··· Task inputs

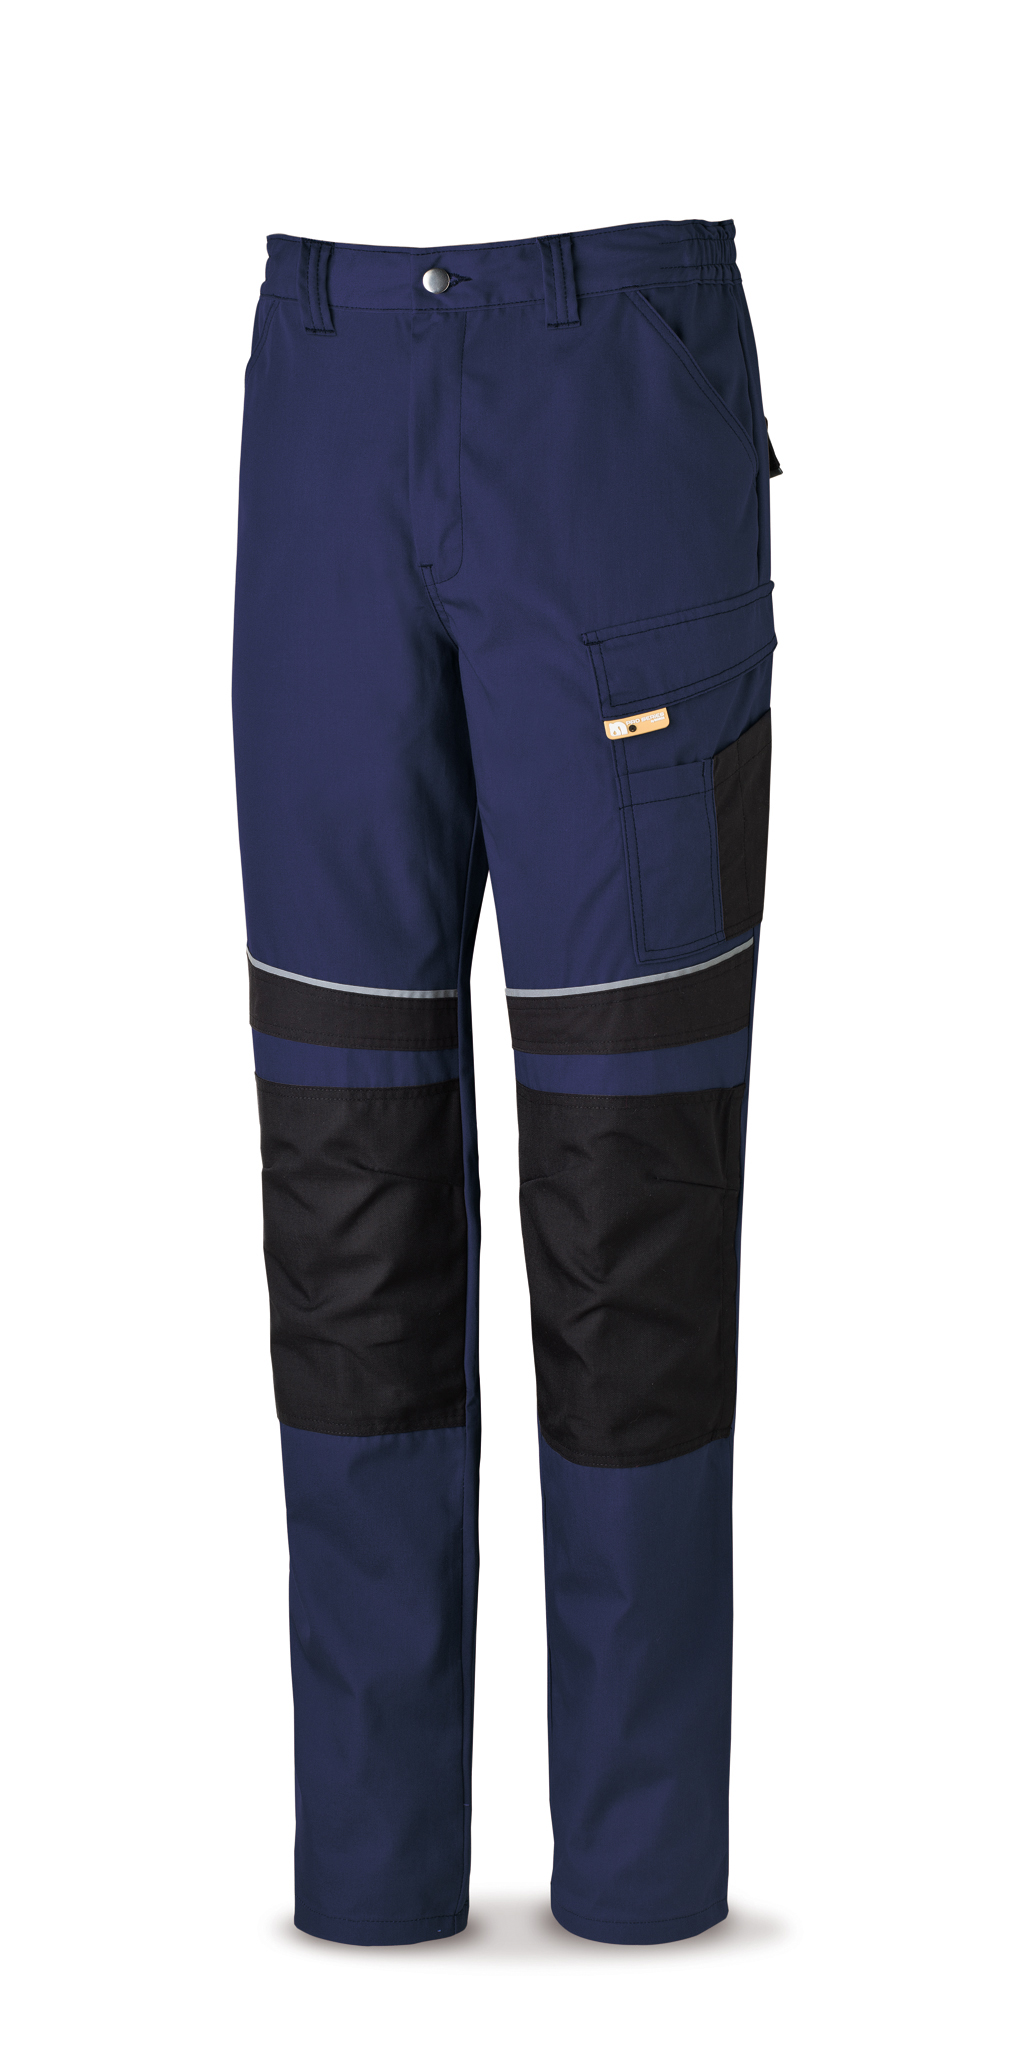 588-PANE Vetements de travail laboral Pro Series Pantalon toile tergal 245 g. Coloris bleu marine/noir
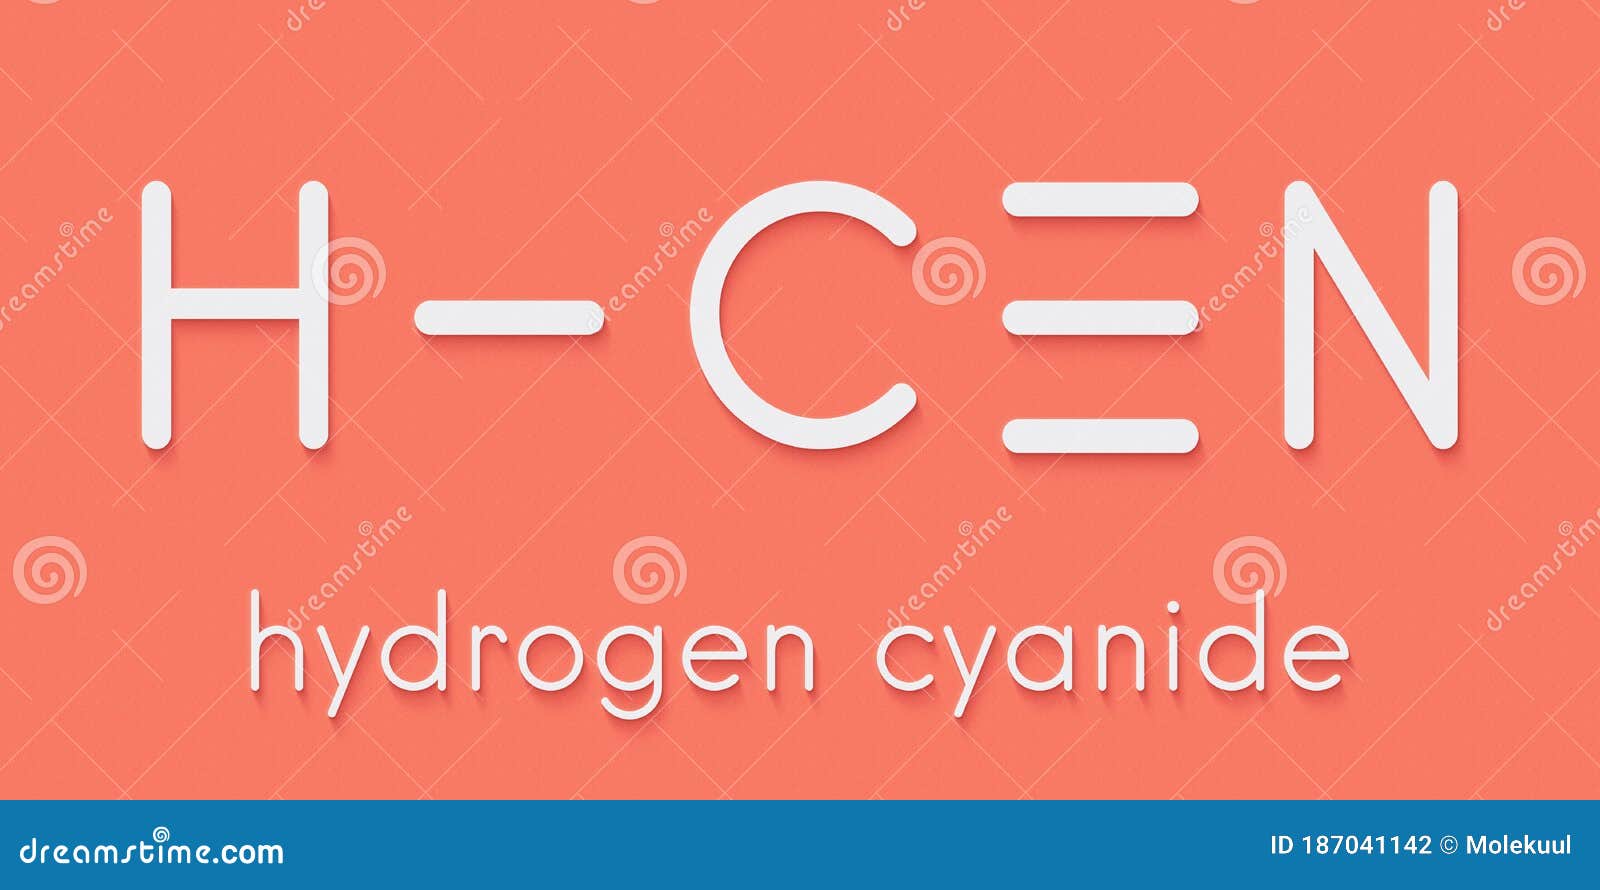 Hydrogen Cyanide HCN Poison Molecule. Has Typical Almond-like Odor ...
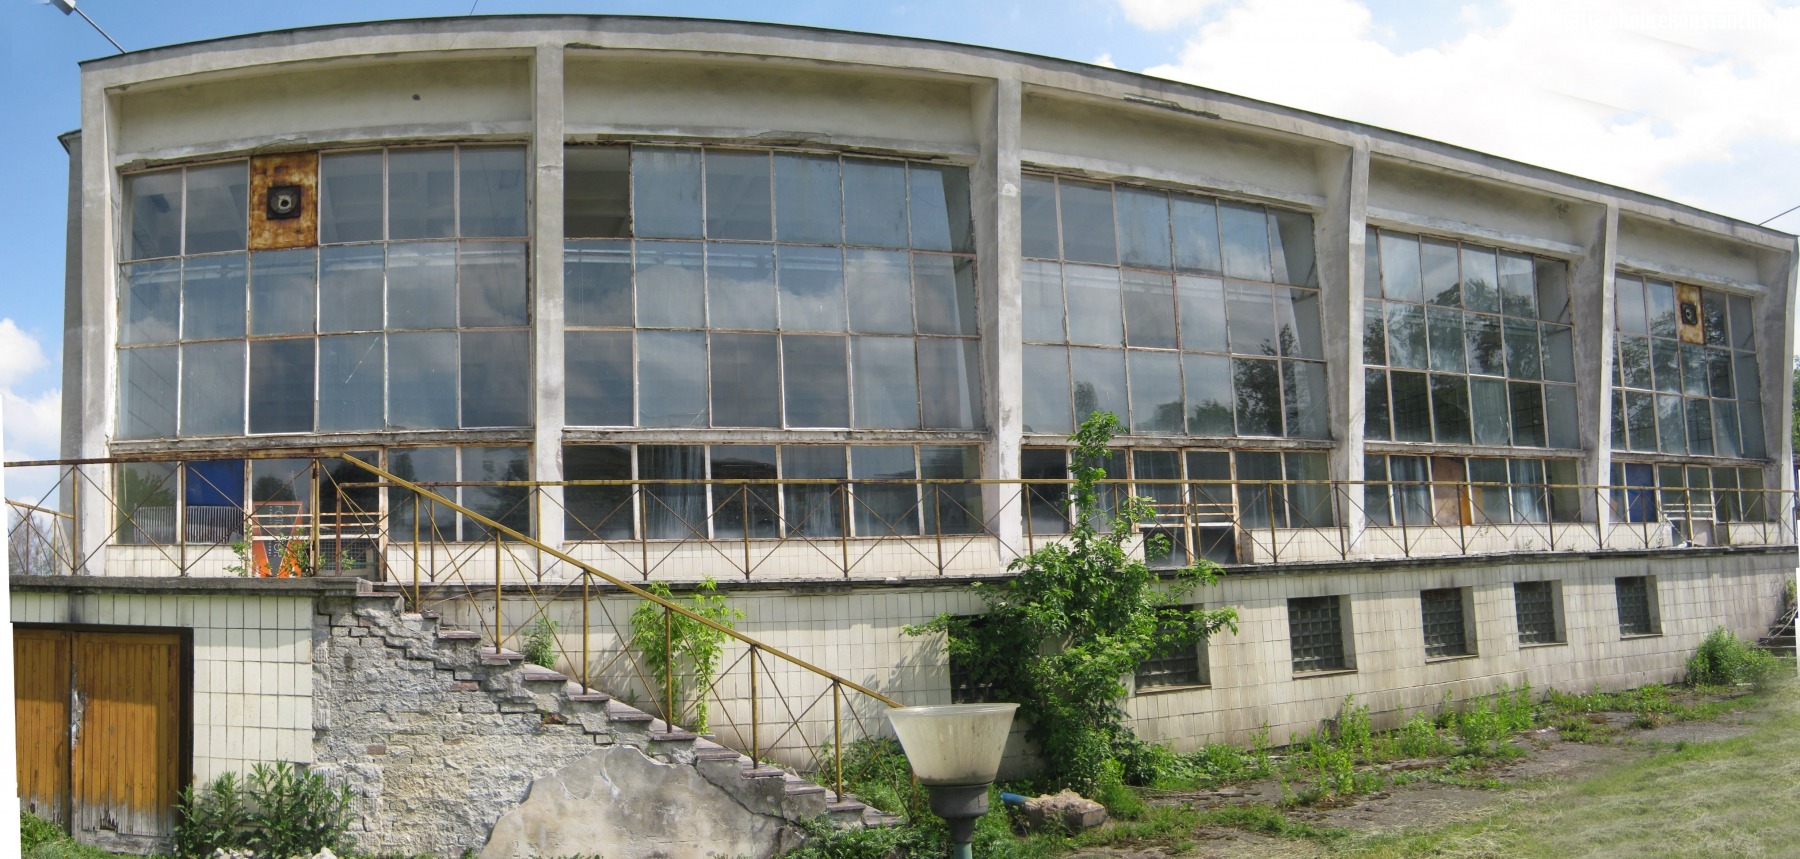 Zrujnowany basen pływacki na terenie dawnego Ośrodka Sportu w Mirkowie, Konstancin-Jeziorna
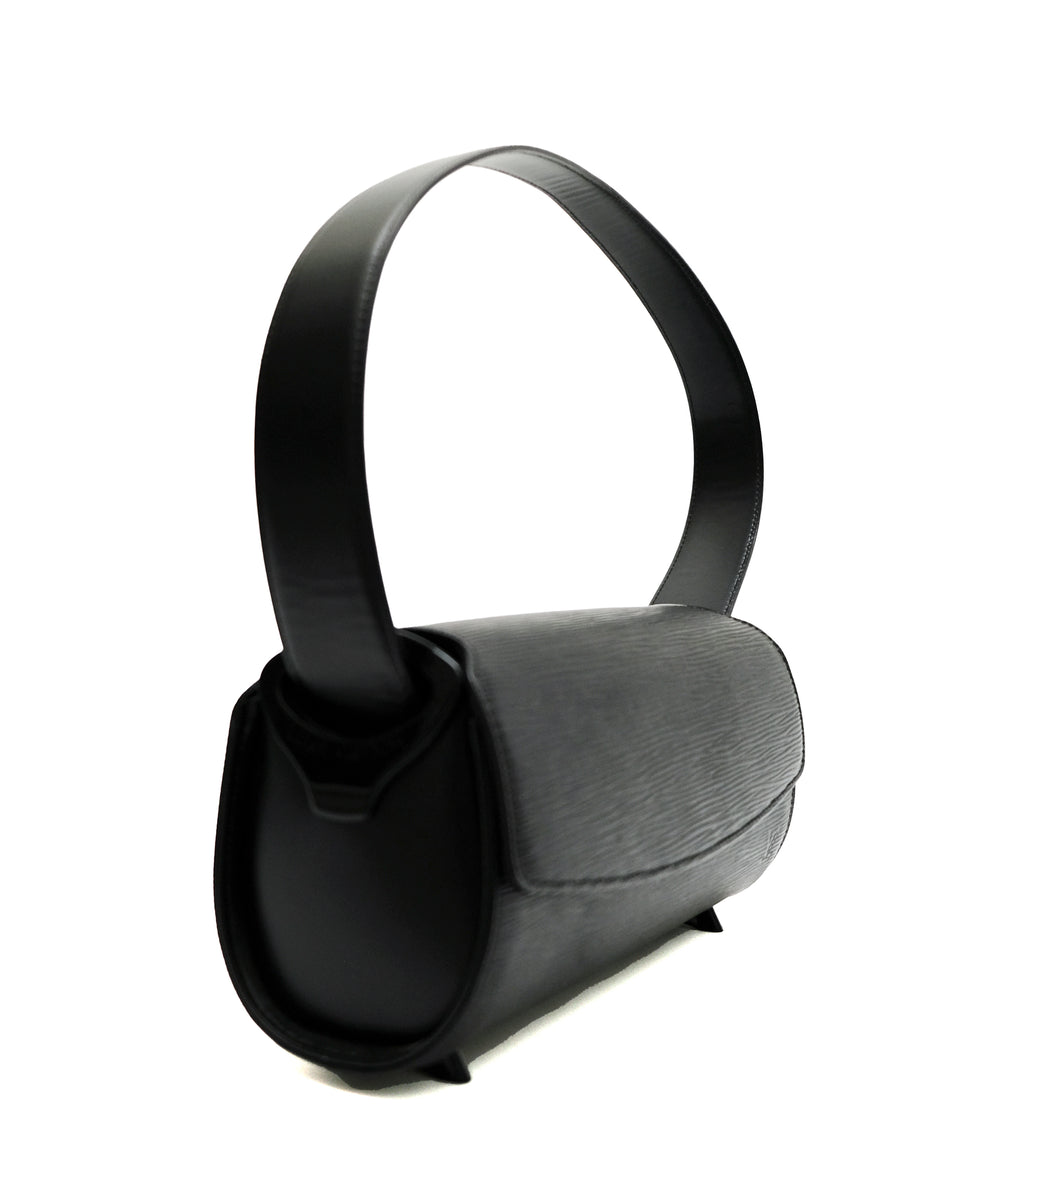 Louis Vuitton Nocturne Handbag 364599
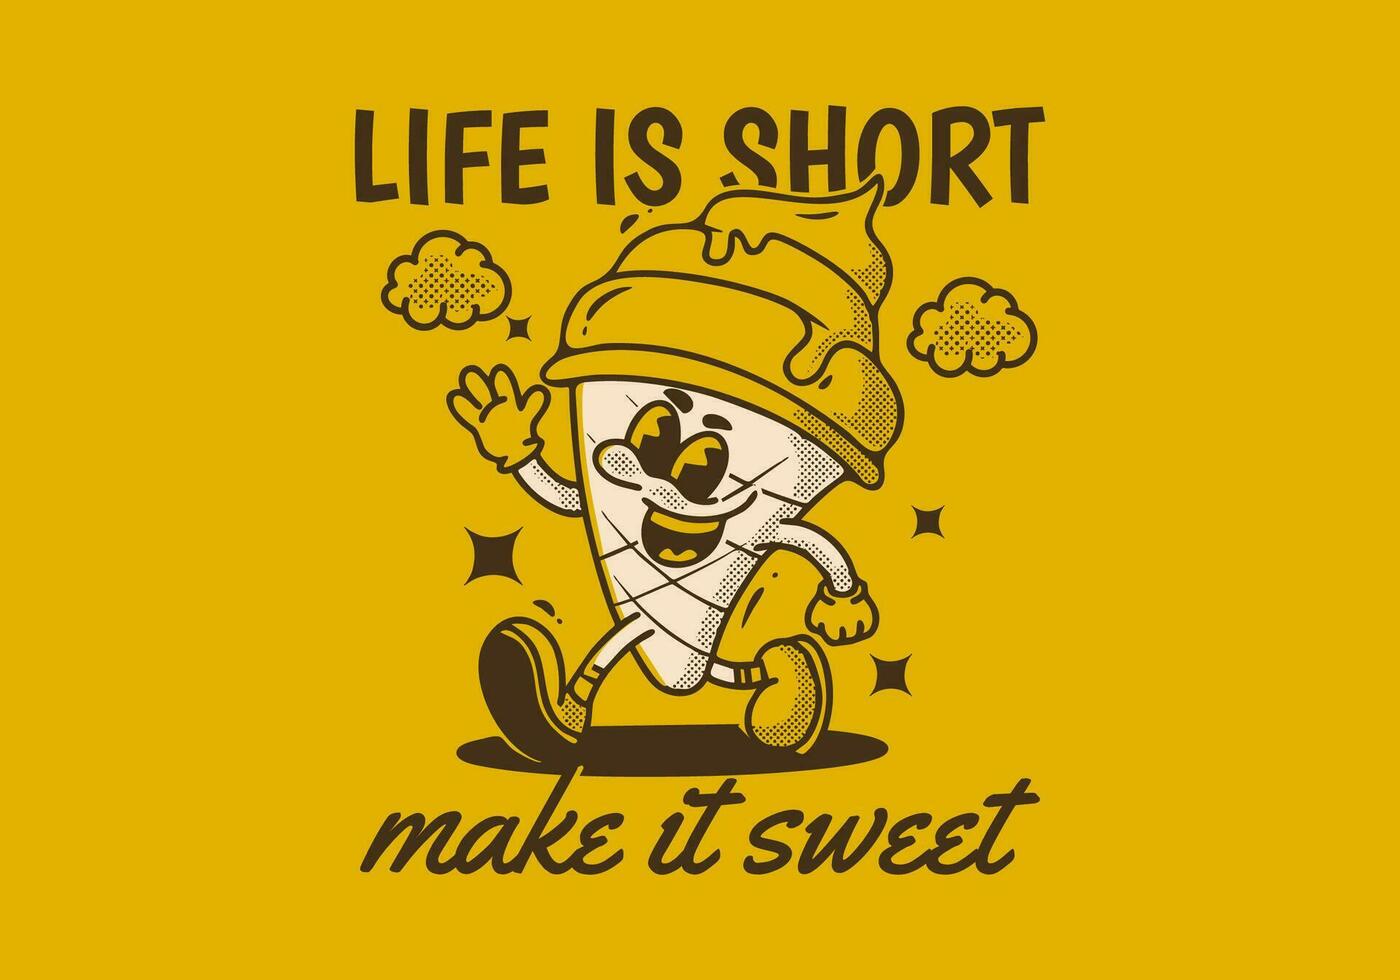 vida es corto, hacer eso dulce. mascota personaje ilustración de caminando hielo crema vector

······

Exactness is what counts here: copy each entry as given and omit its pictures.

• [Problem solution]
 588-PANE Vetements de travail laboral Pro Series Pantalon toile tergal 245 g. Coloris bleu marine/noir
 Hydrogen Cyanide HCN Poison Molecule. Has Typical Almond-like Odor ...
 Zrujnowany basen pływacki na terenie dawnego Ośrodka Sportu w Mirkowie, Konstancin-Jeziorna
 Louis Vuitton Nocturne Handbag 364599
 vida es corto, hacer eso dulce. mascota personaje ilustración de caminando hielo crema vector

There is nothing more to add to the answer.